Хозяин, находя не совсем веселыми глупости своего гостя, решился поскорее посвятить его в рыцари, чтобы избавиться от него. Он просил Дон-Кихота извинить грубость нескольких неучей, хорошо притом наказанных за свою дерзость, клялся, будто вся эта история произошла без его ведома, и за тем повторил, что у него нет часовни, но что она отнюдь не необходима для обряда посвящения в рыцари, сущность которого, как говорил хозяин, превосходно знакомый, по его словам, со всеми подробностями этой церемонии, состояла в двух ударах мечом, одним по плечу, а другим по затылку посвящаемого, которые могли быть даны во всяком месте, даже среди чистого поля. "Что-же касается до стражи оружия", добавил он, "то вы сторожите его более четырех часов, тогда как по рыцарским законам для этого достаточно двух".

Дон-Кихот, без малейшего затруднения, поверив словам хозяина, изъявил готовность слушаться его во всем, и просил только окончить, как можно скорее, обряд посвящения, потому что - "если я подвергнусь здесь нападению, будучи посвященным рыцарем, говорил он, то не выпущу из этого замка живым никого, кроме лиц, порученных моему охранению благородным отцом по оружию". Не обращая на эти слова никакого внимания, хозяин отправился за книгой, в которой записывал отпускавшиеся погонщикам мулов ячмень и солому, и возвратился с нею к своему гостю, в сопровождении двух знакомых нам женщин и мальчика, несшего зажженный свечной огарок. Велев Дон-Кихоту стать на колени, он сам вперил глаза в книгу, делая вид, будто-бы читает молитву, потом взял у Дон-Кихота меч, которым ударил его сначала по затылку, потом по плечу; наконец пригласил одну из женщин опоясать новопосвященного рыцаря мечом, что та исполнила чрезвычайно ловко и скромно, готовая ежеминутно рассмеяться и удерживаемая от этого только воспоминанием о недавно случившемся с погонщиками мулов. "Да соделает вас Господь счастливым рыцарем", сказала она Дон-Кихоту, "и да озаряет Он победами ваше оружие". Рыцарь спросил её имя, желая знать, какой благородной даме обязан он оказанной ему милостью?
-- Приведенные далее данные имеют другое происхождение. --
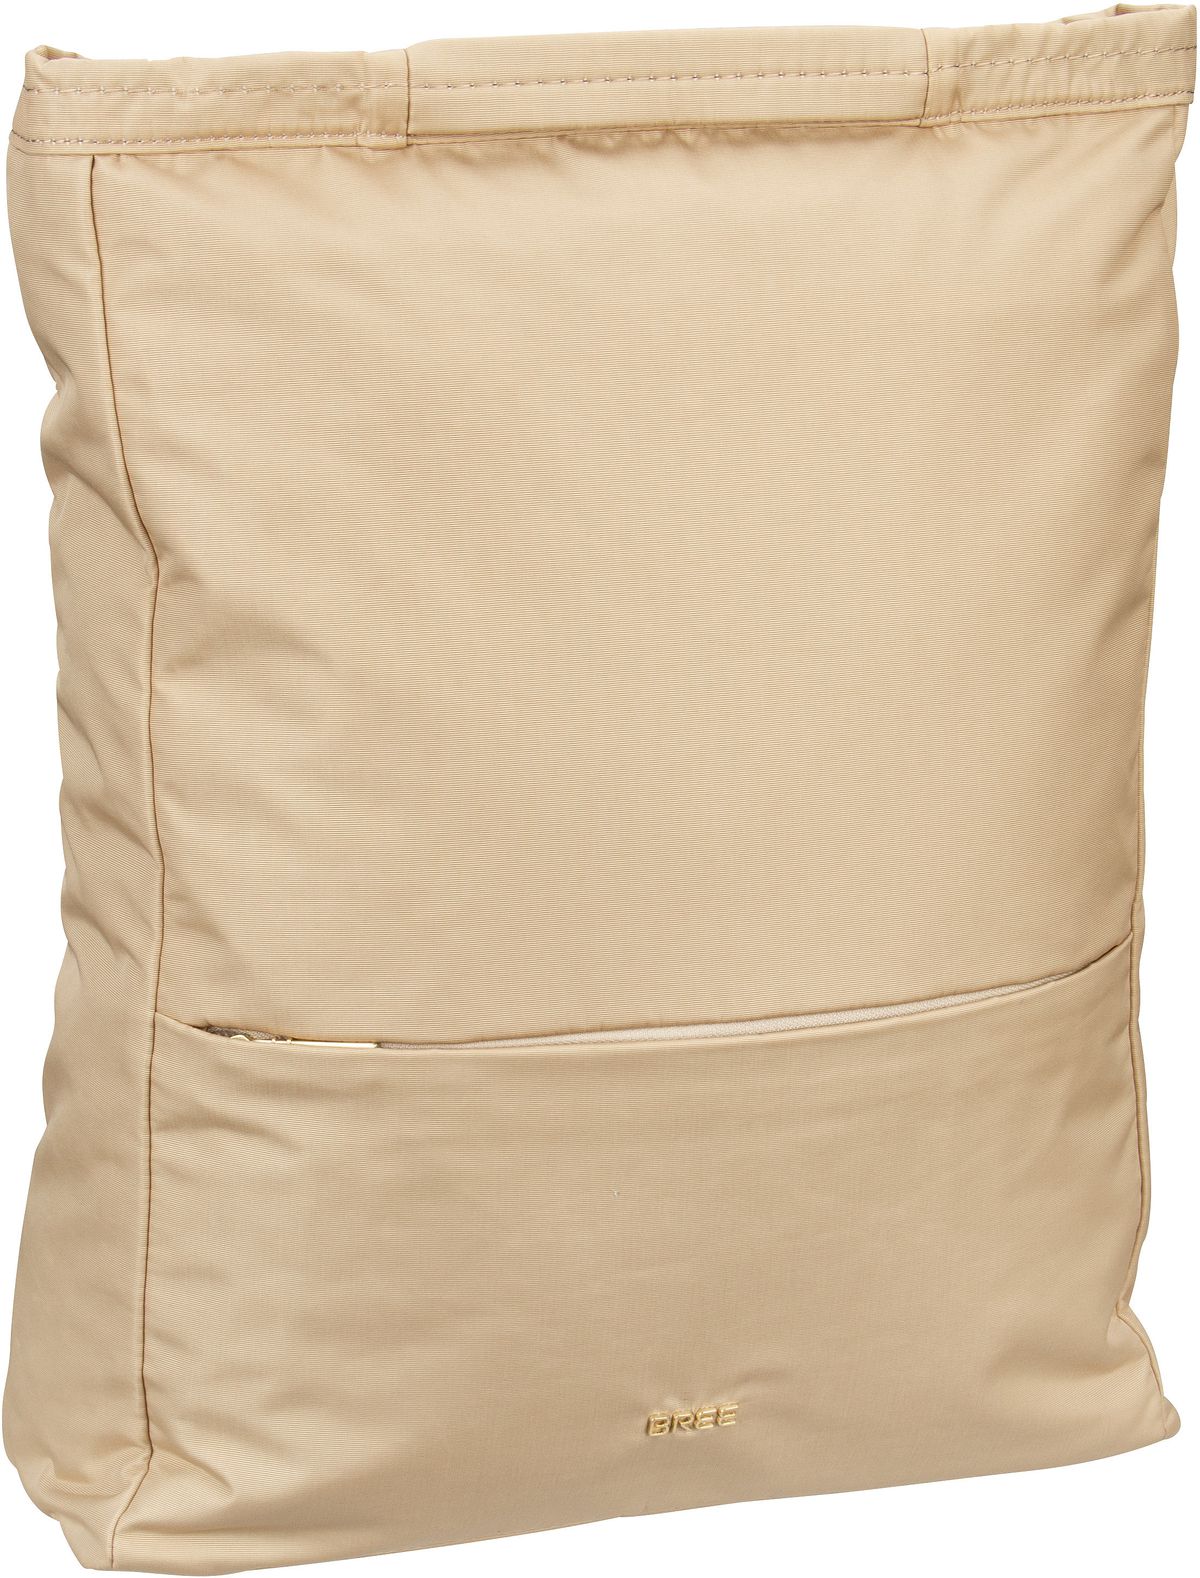 Bree Juna Textile 4  in Toasted Almond (14.4 Liter), Rucksack / Backpack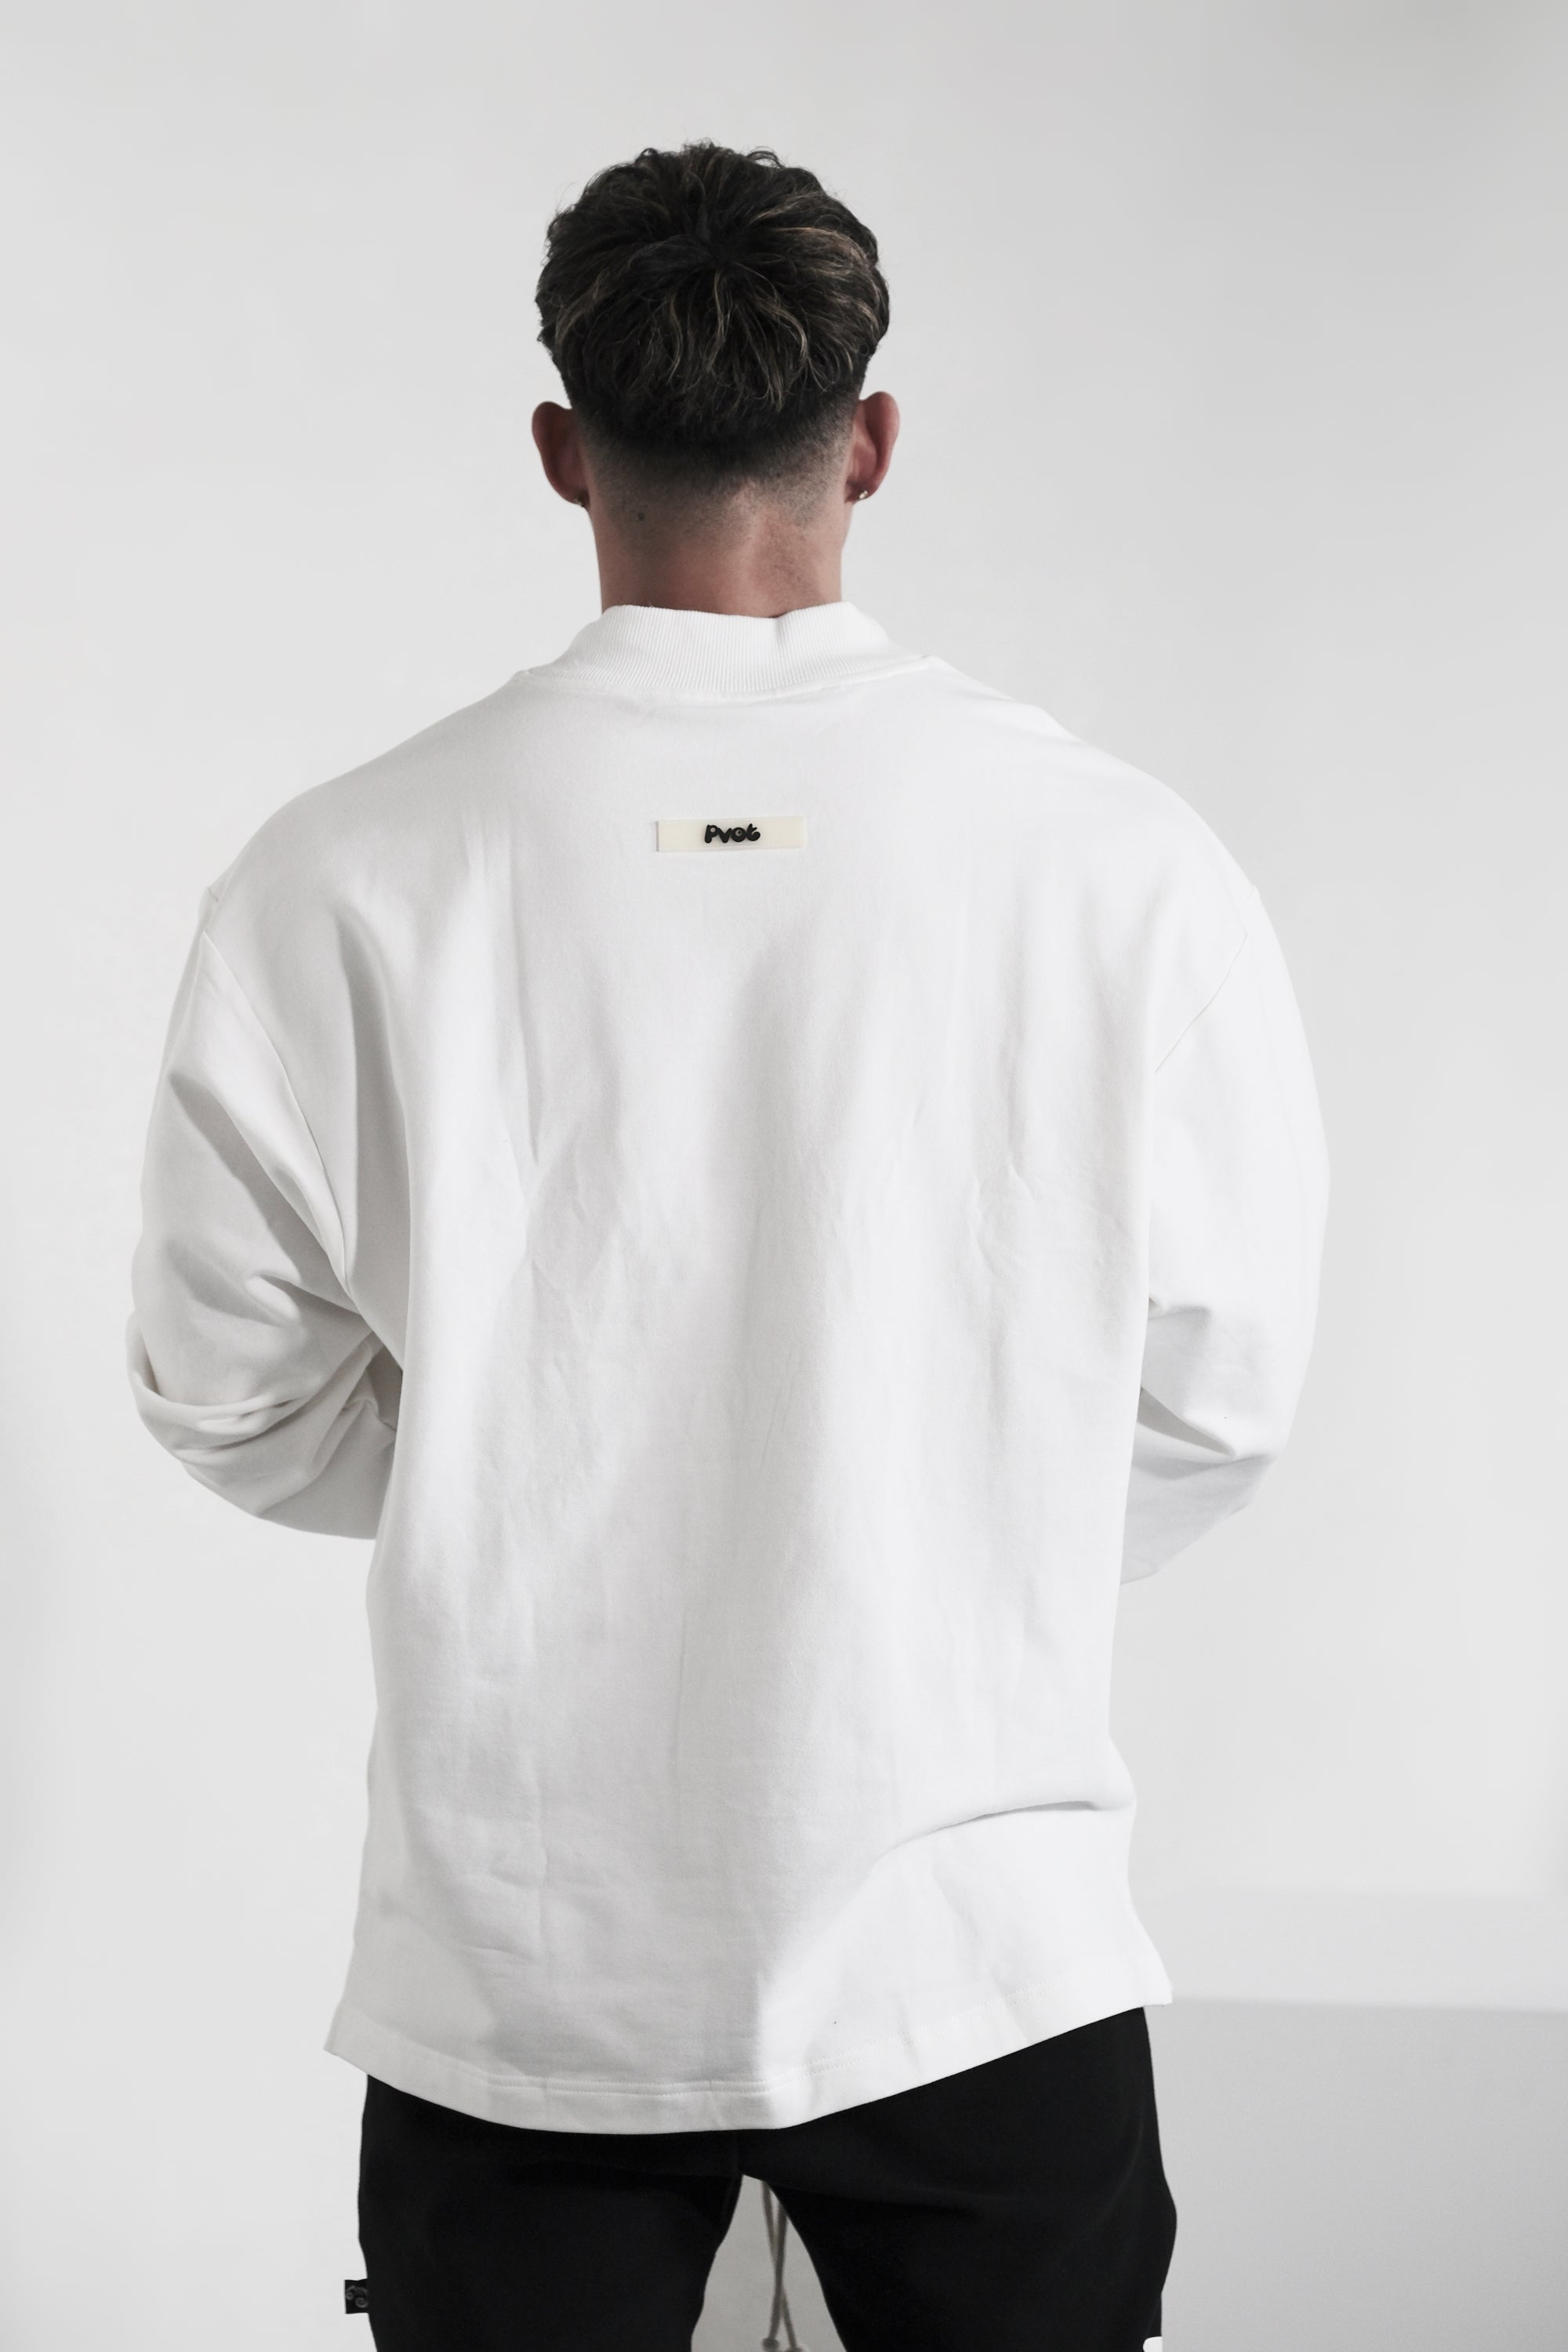 Pvot Mock Neck Long Sleeve T-Shirts (White)

Та отвечала, что ее зовут Толоза, что она дочь толедского лоскутника, торгующего в рядах Санчо-Беноиа, и что во всякое время, во всяком месте готова чем может служить ему. Дон-Кихот просил ее, во имя дружбы к нему, прибавить к своему имени частицу дон и называться донна-Толоза, что дама, опоясавшая его мечем, обещала исполнить. Другая дама надела ему шпоры и тоже должна была сказать свое имя. Узнав, что ее зовут Молинера, что отец её честный антекверский мельник, и получив от неё также обещание прибавить к своему имени частицу дон и называться донна-Молинера, он рассыпался перед нею в благодарностях и предложениях своих услуг. Окончив с обрядом посвящевия, рыцарь, желавший уже быть на пути к приключениям, поспешил оседлать Роесмнанта и, подъехав верхом к хозяину, рассыпался перед ним в благодарностях за оказанную им услугу в таких изысканных выражениях, что перо наше отказывается передать их с непогрешимой верностью. Хозяин, желая скорее распрощаться с своим гостем, в немногих словах ответил Дон-Кихоту на его любезности и, не требуя ничего за постой, с Богом отправил его в дальнейший путь.

Глава IV.

Начинало светать, когда Дон-Кихот, покинув заезжий дом, от радости видеть себя посвященным рыцарем чуть не подпрыгивал на седле. Припоминая, однако, советы хозяина, касательно вещей, которыми необходимо ему было запастись, он решилося вернуться домой, чтобы запастись деньгами и бельем, и в особенности приискать оруженосца, имея в виду возвести в это звание одного несчастного крестьянина, бедняка, обремененного семейством, но, по мнению Дон-Кихота, способного, как нельзя больше, быть оруженосцем странствующих рыцарей. Россинант, как-будто угадывая намерение своего господина - вернуться домой, пустился бежать такою рысью, что, казалось, ноги его не касались земли. Спустя немного времени, до слуха нашего героя начали долетать жалобные звуки, раздававшиеся, как казалось, в чаще леса, расположенного за право. Удостоверясь в действительности их, он воскликнул: "благодарение небу, низпосылающему мне так скоро возможность выполнить обязанность моего звания и пожать плоды моих благородных намерений". - В туже минуту, пришпорив Россинанта, он поскакал к тому месту, откуда исходил крик. Не успел он сделать и двадцати шагов, как увидел в лесу лошадь, привязанную к одному дубу, и мальчика, лет около пятнадцати, обнаженного до поясницы, привязанного к другому. Этот-то мальчик кричал немилосердно, и не без причины: высокий, здоровый крестьянин бил его медным поясом, приговаривая за каждым ударом: "смотри и молчи".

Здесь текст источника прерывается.